ESGify is based on MPNet architecture but with a custom classification head. The ESGify class is defined is follows.
from collections import OrderedDict
from transformers import MPNetPreTrainedModel, MPNetModel, AutoTokenizer
import torch
# Mean Pooling - Take attention mask into account for correct averaging
def mean_pooling(model_output, attention_mask):
token_embeddings = model_output #First element of model_output contains all token embeddings
input_mask_expanded = attention_mask.unsqueeze(-1).expand(token_embeddings.size()).float()
return torch.sum(token_embeddings * input_mask_expanded, 1) / torch.clamp(input_mask_expanded.sum(1), min=1e-9)
# Definition of ESGify class because of custom,sentence-transformers like, mean pooling function and classifier head
class ESGify(MPNetPreTrainedModel):
"""Model for Classification ESG risks from text."""
def __init__(self,config): #tuning only the head
"""
"""
super().__init__(config)
# Instantiate Parts of model
self.mpnet = MPNetModel(config,add_pooling_layer=False)
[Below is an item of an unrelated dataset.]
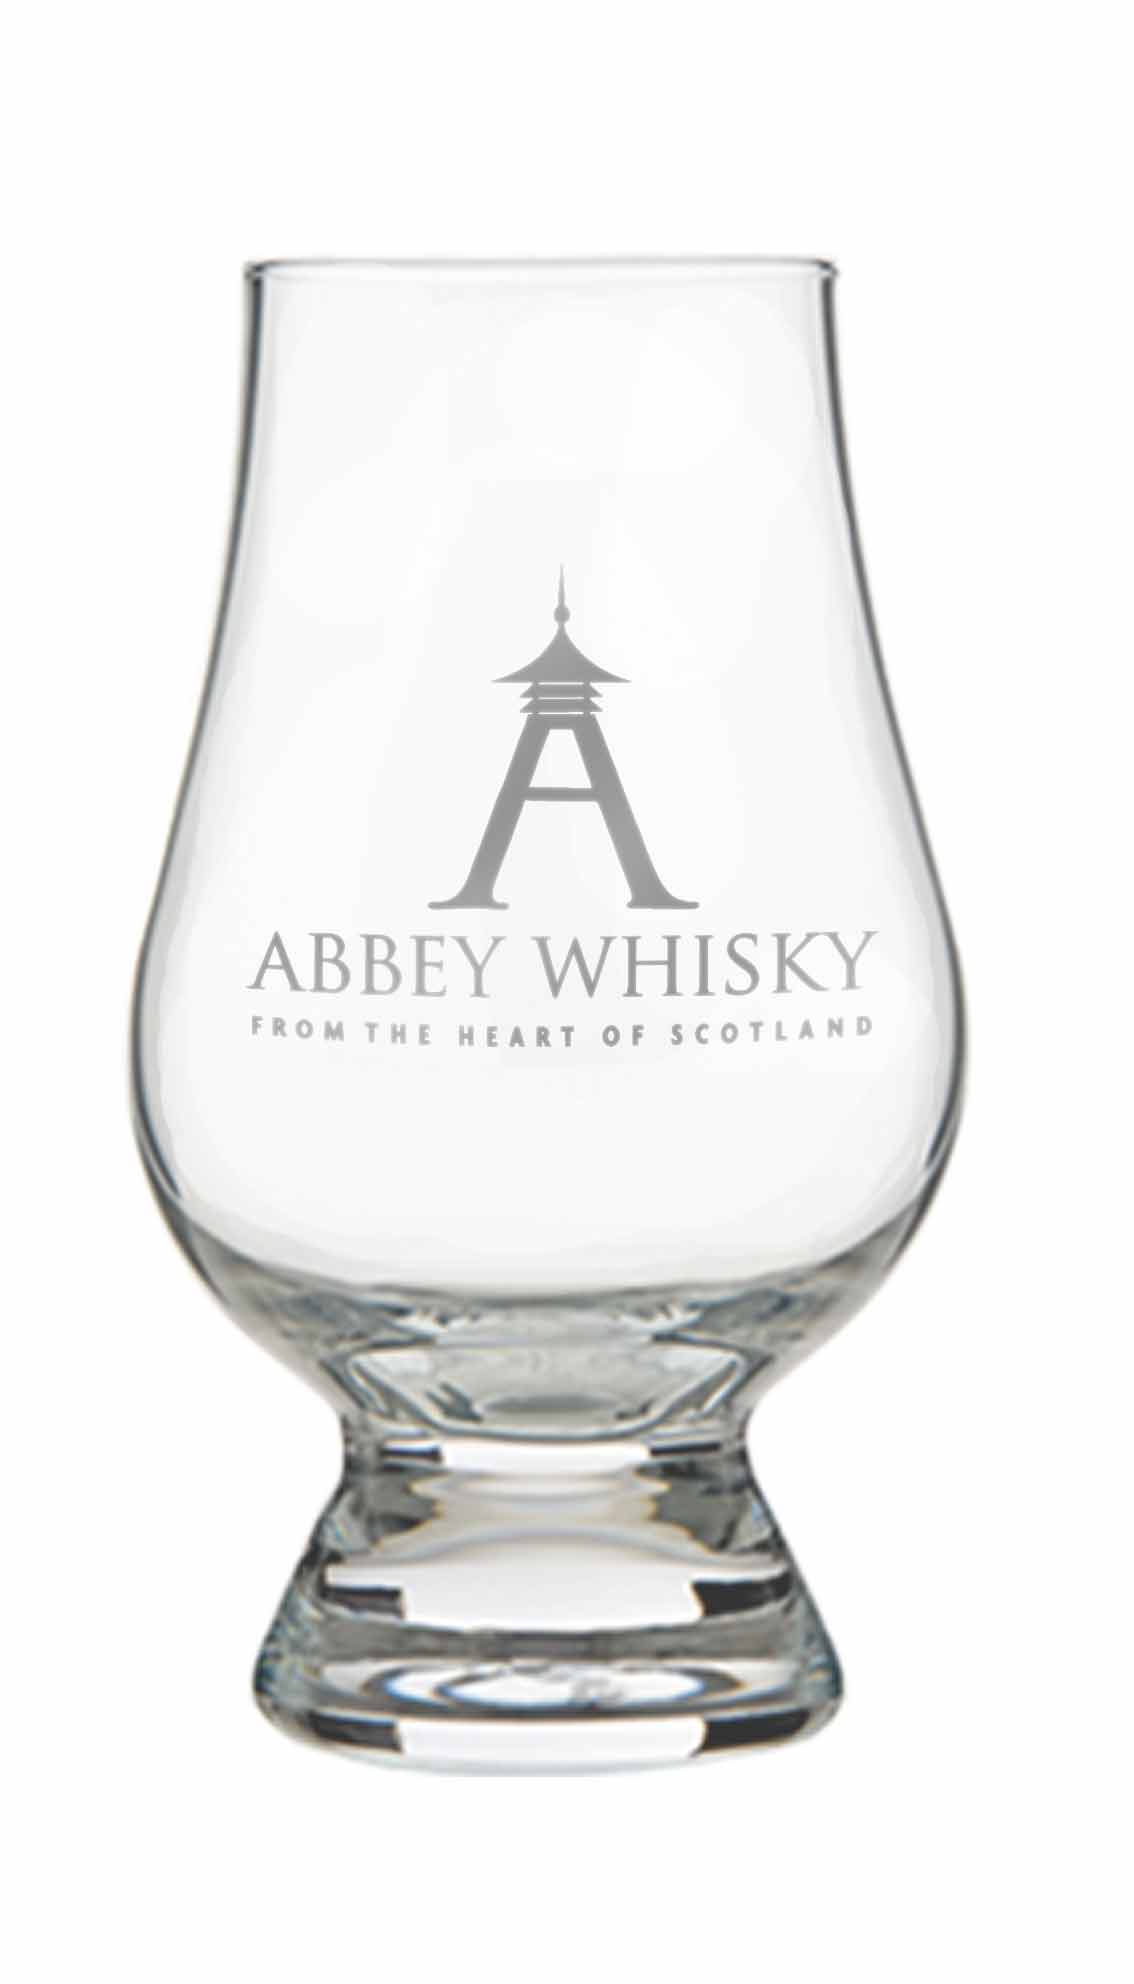 The Abbey Whisky Tasting Glass / Glencairn

self.id2label = config.id2label
self.label2id = config.label2id
self.classifier = torch.nn.Sequential(OrderedDict([('norm',torch.nn.BatchNorm1d(768)),
('linear',torch.nn.Linear(768,512)),
('act',torch.nn.ReLU()),
('batch_n',torch.nn.BatchNorm1d(512)),
('drop_class', torch.nn.Dropout(0.2)),
('class_l',torch.nn.Linear(512 ,47))]))
def forward(self, input_ids, attention_mask):
# Feed input to mpnet model
outputs = self.mpnet(input_ids=input_ids,
attention_mask=attention_mask)
# mean pooling dataset and eed input to classifier to compute logits
logits = self.classifier( mean_pooling(outputs['last_hidden_state'],attention_mask))
# apply sigmoid
logits = 1.0 / (1.0 + torch.exp(-logits))
return logits
After defining model class, we initialize ESGify and tokenizer with the pre-trained weights
model = ESGify.from_pretrained('ai-lab/ESGify')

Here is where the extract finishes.